The Chicago Tribune - January 11, 2000
Paul Salopek, Tribune Foreign Correspondent
Vice President Al Gore, the health ministers of several African nations and UN Secretary General Kofi Annan warned the council that Africa's AIDS woes are reaching a point where they imperil political stability.
Gore promised that the White House would ask Congress for an additional $150 million in U.S. funding for vaccine research and prevention programs in Africa, and that it will convene a meeting of business leaders in Africa to start developing prevention programs for the workplace.
"We tend to think of a threat to security in terms of war and peace," Gore said in the first speech by a U.S. vice president to the 15-member body. "Yet no one can doubt that the havoc wreaked and the toll exacted by HIV/AIDS do threaten our security."
AIDS activists applauded the meeting, but some questioned whether Gore's participation was designed to deflect criticism of the administration's drug policies in Africa. Last year the U.S. threatened trade sanctions against AIDS-plagued South Africa when that country moved to manufacture cheaper copies of American AIDS medicines.

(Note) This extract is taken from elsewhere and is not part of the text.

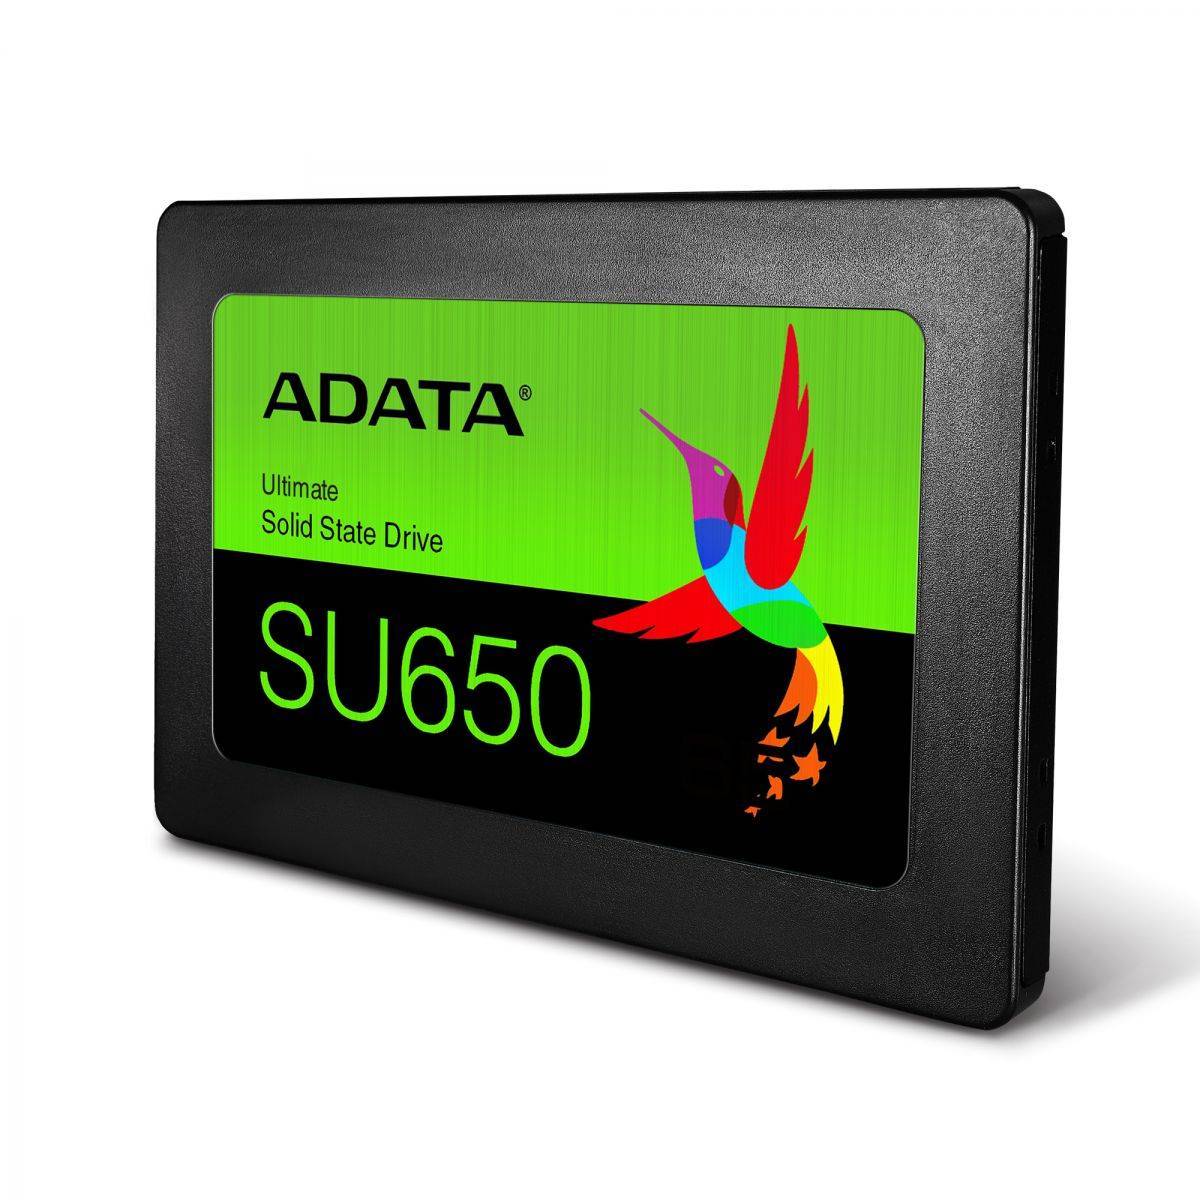 ADATA 120GB SSD SU650 TLC 2.5" SATAIII 3D NAND, SLC cach / without 2.5 to 3.5 brackets / blister

"When 10 people in sub-Saharan Africa are infected every minute; when 11 million children have already become orphans and many must be raised by other children; when a single disease threatens everything from economic strength to peacekeeping--we clearly face a security threat of the greatest magnitude," Gore told the council. "I think that it's a start that after 4,000 meetings of the UN Security Council, this is the first one that addresses a health issue," he said.
Namibia's health minister, Dr. Libertine Amathila, said AIDS was devastating his country's economy, robbing families of breadwinners and children of their parents.
"It is immoral that the worst-affected continent has the lowest access to care," she said, urging wealthy countries to make drugs to treat those infected with HIV available at prices Africans can afford.
She cited statistics from UNAIDS, a Geneva-based organization of epidemiologists and statisticians who study AIDS, that show only $165 million was spent on AIDS prevention in Africa in 1996, while estimates suggest that between $800 million and $2.5 billion a year is needed.
"It is worth pondering how the international community successfully mobilized hundreds of billions of dollars over the last few years to minimize the impact of that `other' virus--Y2K," the executive director of UNAIDS, Dr. Peter Piot, told the council.
Gore announced that the U.S. was pledging an extra $100 million in assistance to programs fighting AIDS around the world. About $50 million more would be earmarked for a vaccine program that not only included AIDS but other infectious diseases as well, such as malaria.
"We welcome any show of commitment by the administration, but we see this as an attempt to deflect attention from their bullying tactics to deny poor countries access to AIDS medicines around the world," said Asia Russell, a spokeswoman with ACT UP, which has demonstrated against Gore on the campaign trail.
Russell said $150 million "was a drop in the bucket" for Africa's estimated 30 million carriers of HIV, the virus that causes AIDS. The domestic budget for AIDS drug assistance programs totals $1 billion for about 100,000 people, she said.